**The task:**
No pictures belong in the copy. Retype exactly, and only, the stretch of lines below from the one with "6caf33e16 Bota Branca" through the one with "Vareška drevená gravírovaná".

**The input:**

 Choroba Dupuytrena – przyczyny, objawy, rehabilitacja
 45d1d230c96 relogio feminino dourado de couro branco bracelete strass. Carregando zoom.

* * *

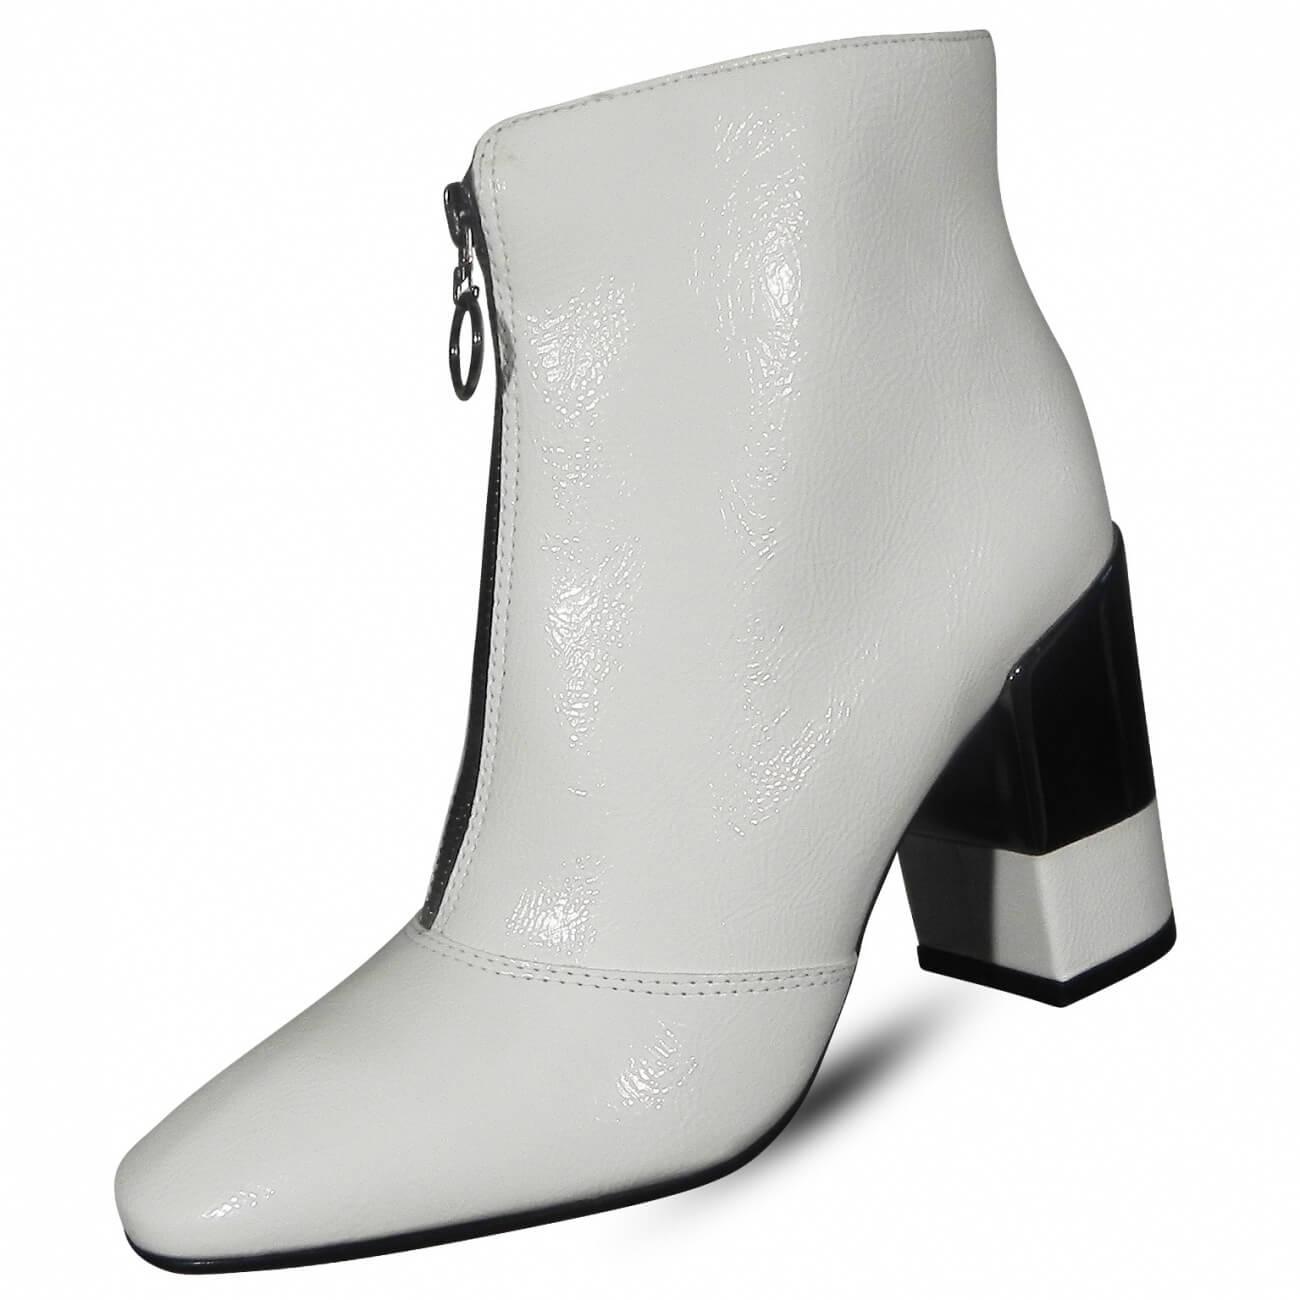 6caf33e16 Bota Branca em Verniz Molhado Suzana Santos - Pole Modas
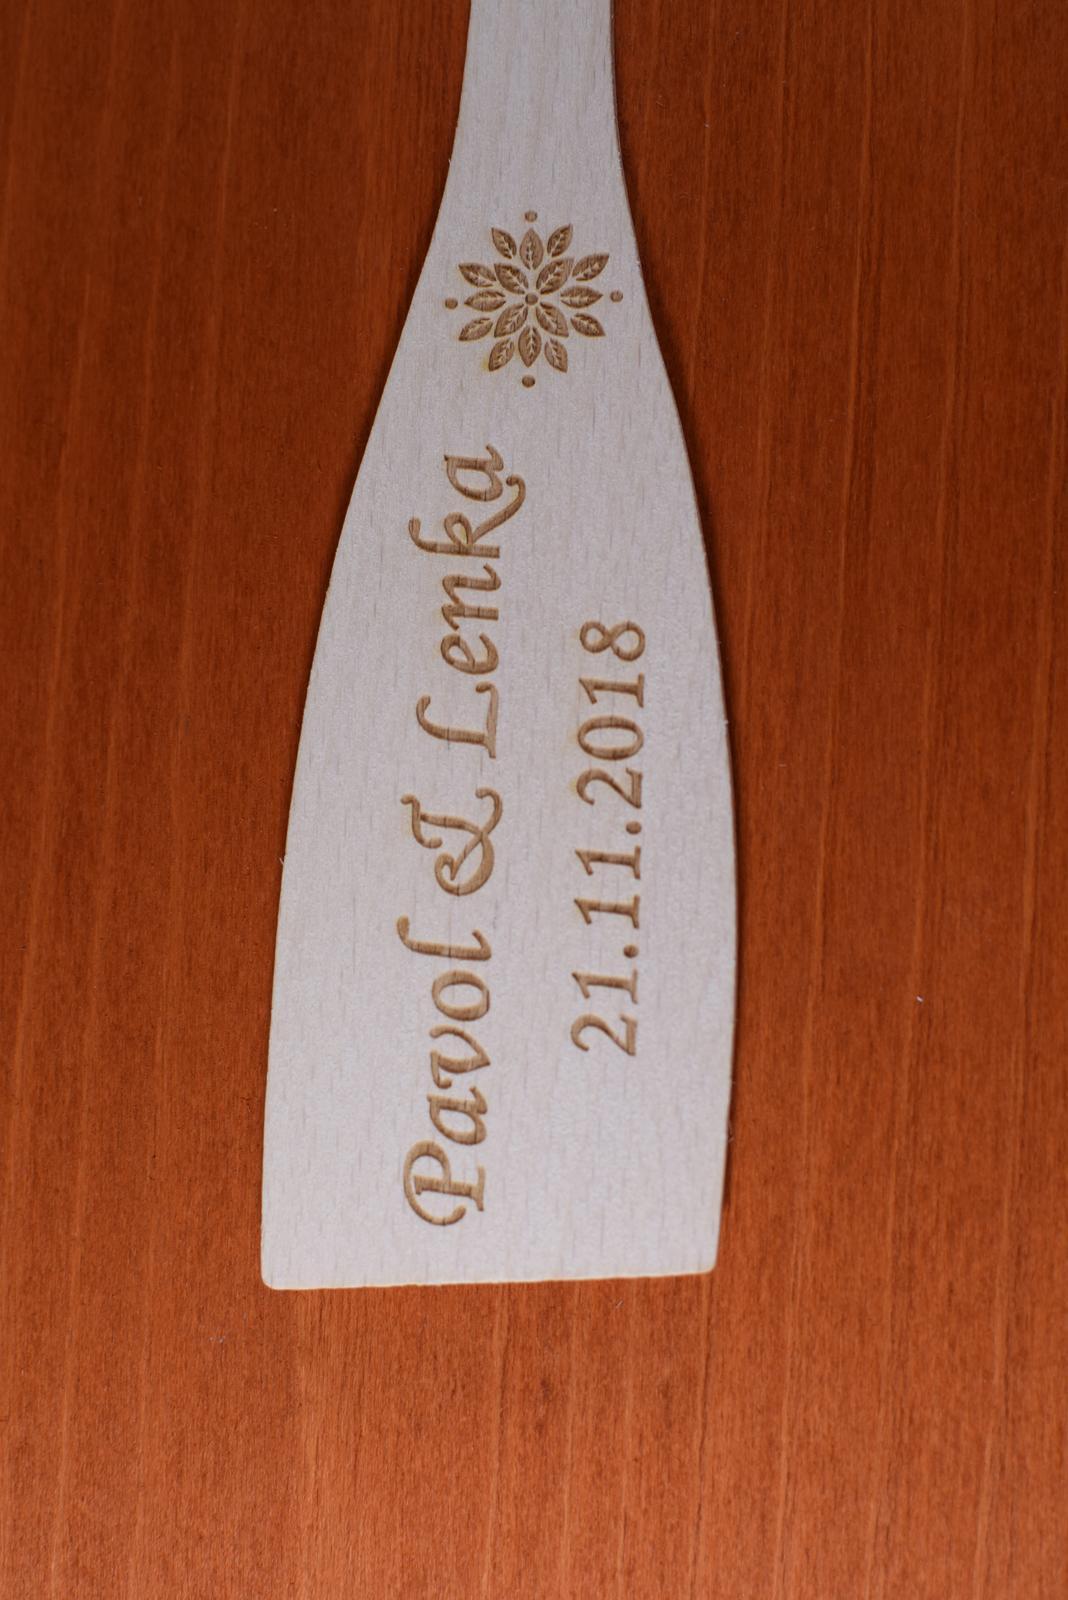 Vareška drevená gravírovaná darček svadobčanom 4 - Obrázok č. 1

**Answer to the problem:**
 6caf33e16 Bota Branca em Verniz Molhado Suzana Santos - Pole Modas
 Vareška drevená gravírovaná darček svadobčanom 4 - Obrázok č. 1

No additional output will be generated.